The Whys and Hows of Harmonization in Sustainability Reporting and What Comes Next
After a decade of proliferating sustainability reporting frameworks, we now appear to be entering a period of “harmonization” – i.e. the connecting of one framework to another for comparison and alignment purposes, a reduction in variations across frameworks, and possibly even some consolidation of frameworks. Or are we? Over the past two years, a host of initiatives have been launched to “harmonize” various aspects of sustainability reporting. But the impact and staying power of many of these initiatives are still uncertain.
Why is harmonization important? For one, the corporate sustainability standards and reporting landscape has become hugely complex and cumbersome to navigate, both for companies and for their stakeholders. For another, there is still a lack of consistent and comparable data to inform business and investment strategies and easily measure progress against targets set at the company, national, and international levels. Harmonization portends to fix both problems.

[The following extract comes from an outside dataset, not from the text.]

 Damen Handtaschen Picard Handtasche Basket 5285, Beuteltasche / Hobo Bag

While the benefits of harmonization are clear to most, how uniform sustainability standards can be without forgoing important details on materiality – i.e. the specifics that matter to a company, industry, jurisdiction, or stakeholder group – is a point of much contention.
In this report, we outline and assess the many new harmonization initiatives in play. We look at who is involved, what the objectives of the various initiatives are, their progress-to-date, and how their outcomes may impact corporate sustainability reporting going forward. Members can use this compendium to identify the initiatives of most relevance to their business and adapt and align accordingly.

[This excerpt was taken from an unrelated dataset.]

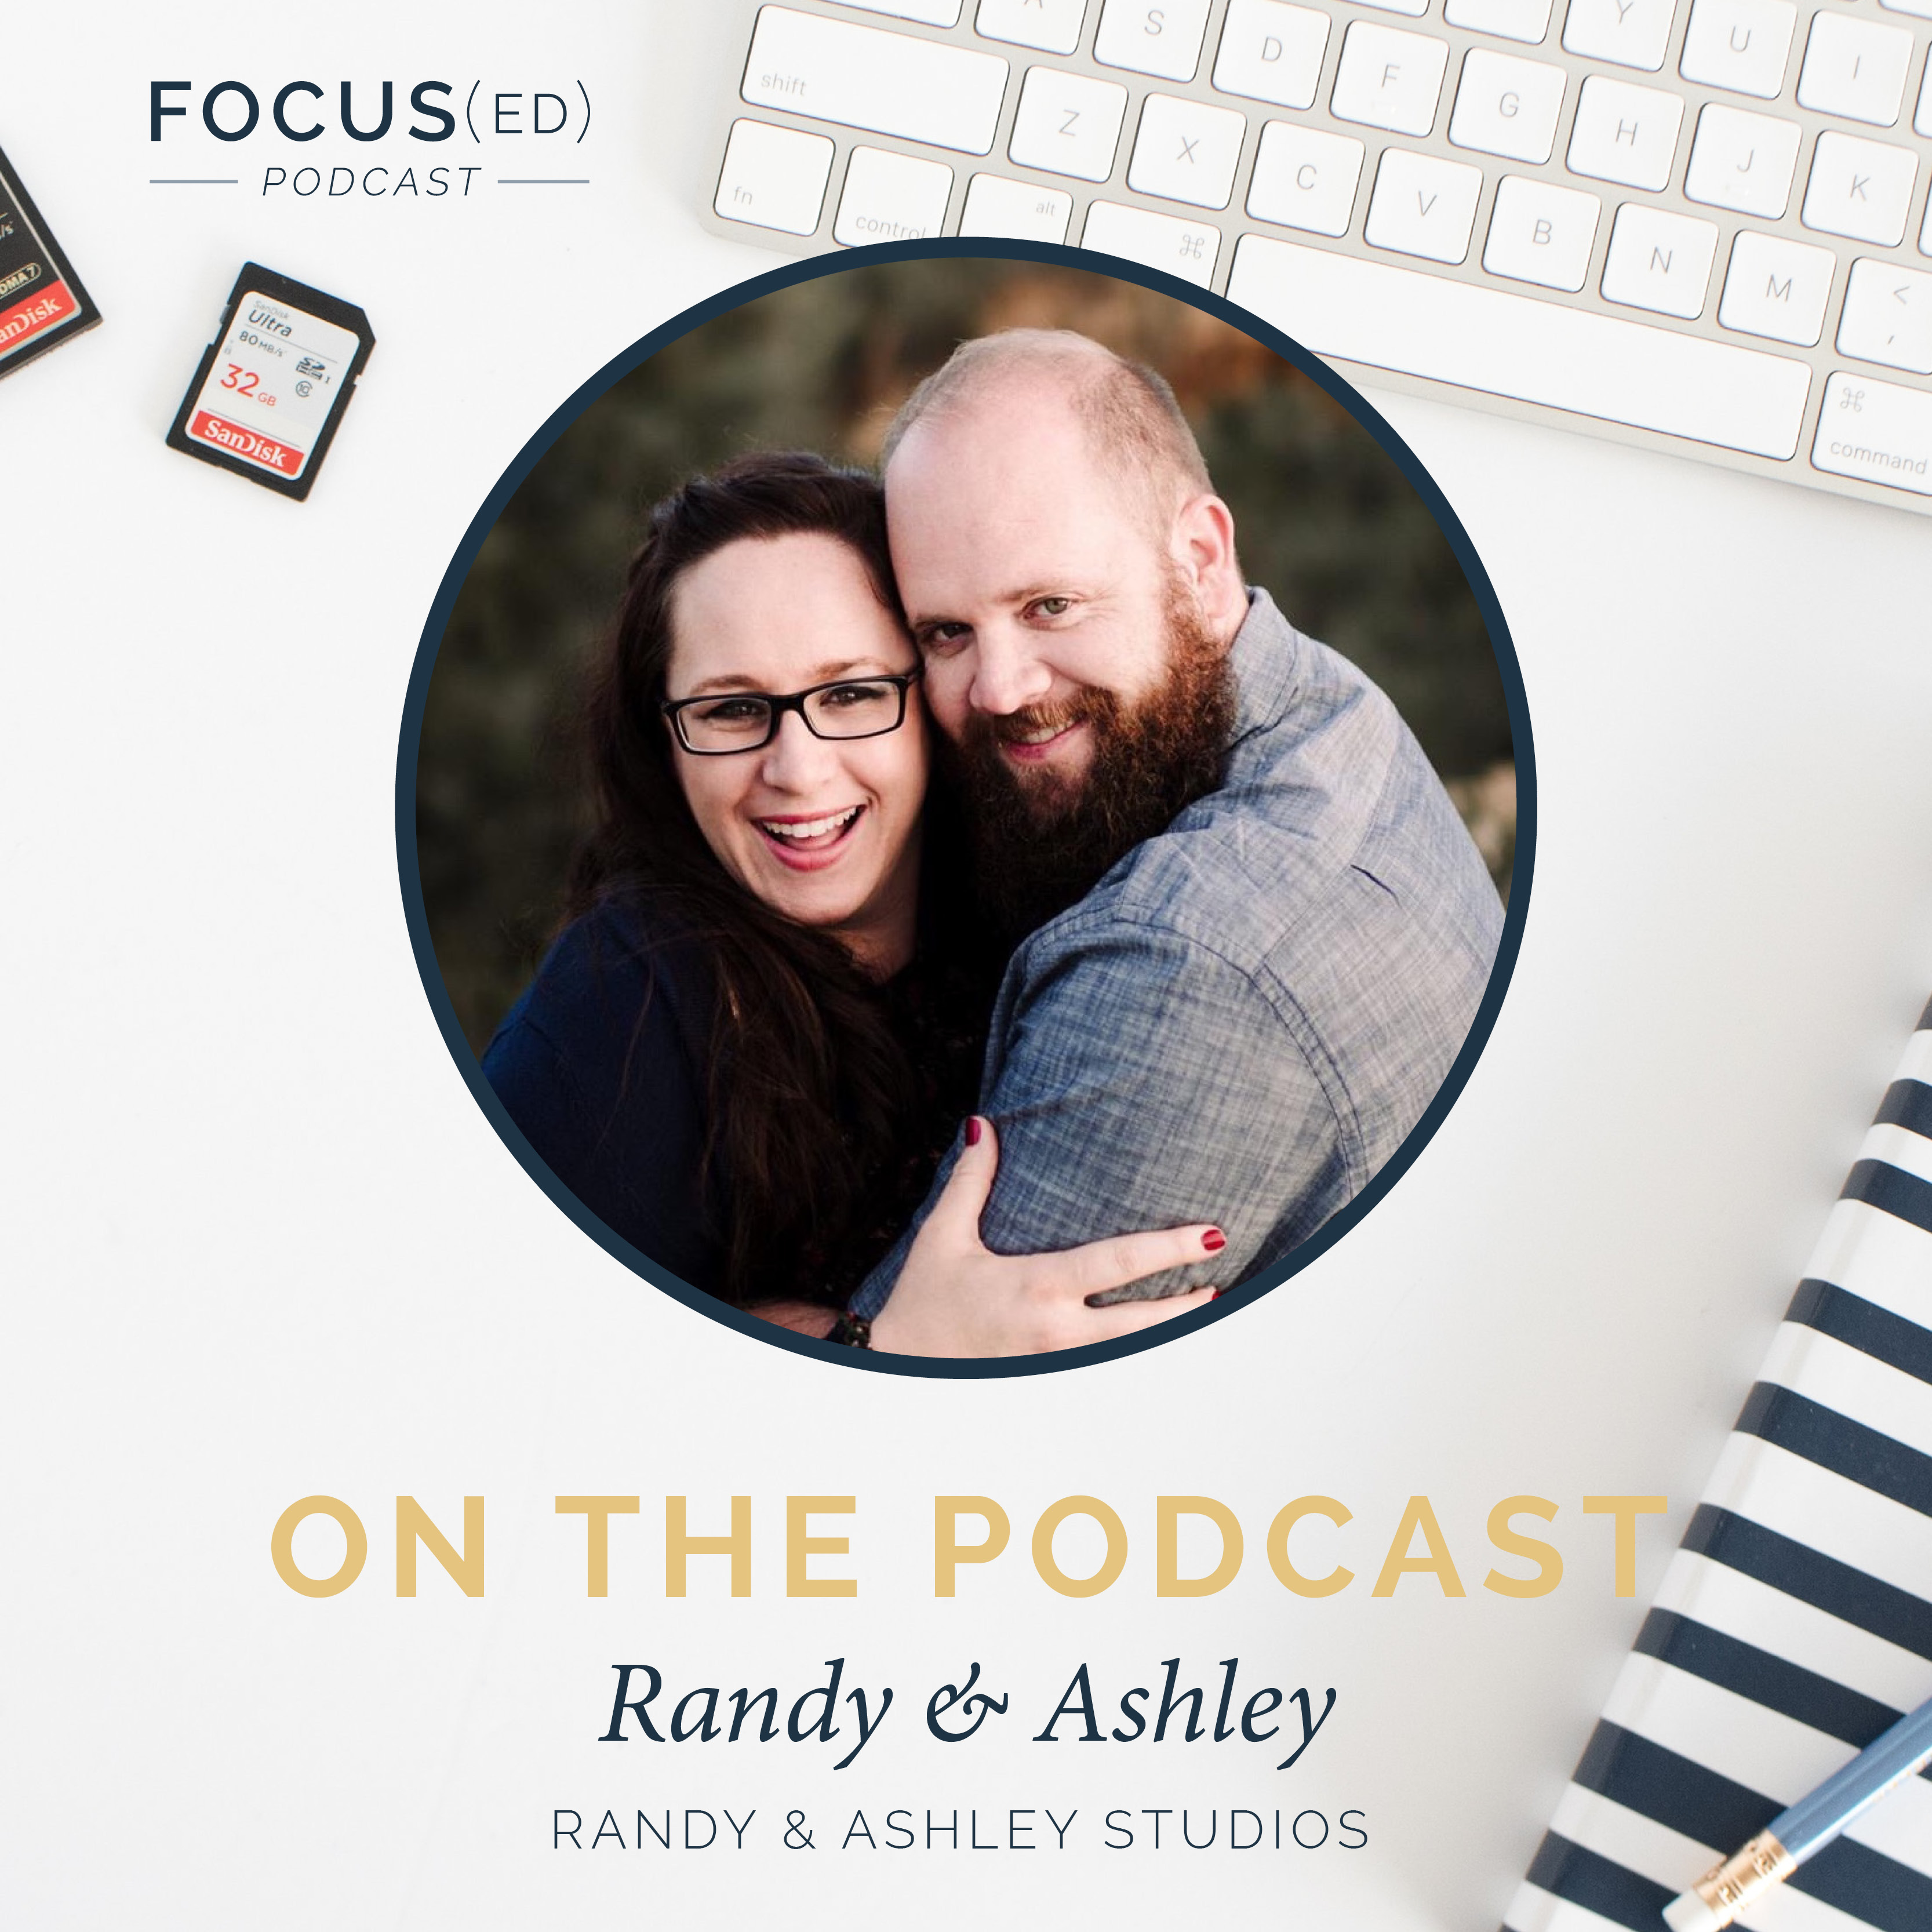 Randy + Ashley on the Focused Podcast

Detailed descriptions of all initiatives discussed throughout the report can be found in a separate Appendix – Appendix A: Harmonization Initiatives Details.
Insights for What’s Ahead
We are currently amidst a development phase that, unfortunately, further muddies the waters of sustainability reporting. Many competing or partially competing standards, frameworks, and information collection schemas now exist. Most are voluntary, but mandatory standards are emergent. Everyone realizes that the various frameworks, both voluntary and mandatory, must be made to better work with one another, or at least be streamlined into a manageable set of options.
Although many initiatives are underway, there is not yet much progress towards real harmonization across major reporting standards. In fact, the development of new standards continues apace, and the complexity of reporting thus continues to increase. Nevertheless, a groundswell of activity is in motion which may reduce complexity longer-term. Companies should carefully monitor harmonization progress to assure that their sustainability reporting roadmap is aligned with key development trajectories.
Expect more alignment across the major voluntary reporting frameworks, but no real consolidation of standard. The main aim of most of the harmonization initiatives currently underway is to improve the alignment of voluntary reporting criteria and standards with one another. The approach recognizes the different but complementary value of the various standards that have been adopted in the marketplace.
- The main organizations currently involved in alignment efforts of voluntary standards are the Global Reporting Initiative (GRI), the Sustainability Accounting Standards Board (SASB), the International Integrated Reporting Council (IIRC), CDP, and the Climate Disclosure Standards Board (CDSB). Companies should expect a prolonged period of repositioning among these and other organizations, but not a new, common standard for voluntary reporting that all these groups agree on.
With voluntary reporting standards in flux, efforts to introduce mandatory reporting standards are ascendant. Progress on the EU’s reporting requirements and the potential introduction of sustainability reporting standards from the International Financial Reporting Standards (IFRS) Foundation are the key developments to monitor on the mandatory standards’ front.
- In Europe, there is a clear push towards establishing common and binding sustainability reporting rules. This will be a major gamechanger once fully implemented. Companies operating within the EU will have to adjust to a host of new and complex disclosure rules, especially first-time reporters who fall within the extended scope of the Corporate Sustainability Reporting Directive (CSRD). The EU regulations are likely to have knock-on effects in other regions, especially in areas regarding climate change.
- If the IFRS Foundation indeed decides to develop its own sustainability reporting standards, these would likely be widely used by publicly listed companies and could potentially become the blueprint for voluntary and/or mandatory stock market disclosure requirements in many countries.
- Jurisdictional differences will likely remain. Although the US Securities and Exchange Commission (SEC) is currently considering a substantial overhaul of its climate disclosure requirements, it is likely that whatever new framework the SEC develops will be different from EU standards. This means companies will have to fulfil distinct disclosure obligations in both jurisdictions. A similar reality is likely for other jurisdictions where mandated sustainability or climate-specific reporting is introduced.
Prepare now for an increasing focus on quantitative data and methodological rigor. One thing that is common to the various harmonization efforts now underway is that there is a big push to develop standardized methodologies to calculate and present relevant quantitative data. Progress in this area will greatly enhance transparency and comparability, and likely bear great influence on corporate behavior as a result. The EU Taxonomy, introduced last year, is a major step in this direction.
- In a nutshell, the EU Taxonomy is a tool that enables a homogenous evaluation of the climate and environmental performance of companies and their assets. A significant share of financial market participants and companies operating within the EU are required to disclose the extent to which their products or activities are environmentally sustainable as defined by the EU Taxonomy. Likewise, other initiatives, like the Transparent Project and the Value Balancing Alliance, which aim to develop natural capital accounting and valuation standards, may play an important role in bringing “sustainability accounting” into the mainstream, especially within the EU.
- Companies should expect that the time and resources needed to implement these new methods will be significant. Even though the harmonization of methods is still at a debate stage, there is no debate that more clarity and transparency is needed regarding how reported data and metrics are defined and measured. Current developments around carbon measurement and disclosure are a signpost of what’s to come in other areas of sustainability and eventually across the board. Companies should prepare in advance for this eventuality.
During this period of flux and change, key customer/stakeholder requirements should determine which standards or frameworks a company uses, irrespective of goings on with harmonization initiatives.Companies should ground their reporting approach on the requirements of the audience they wish to engage and embrace the standards of most importance to this audience. Centering planning on “voice of the stakeholder” reasoning always makes good sense.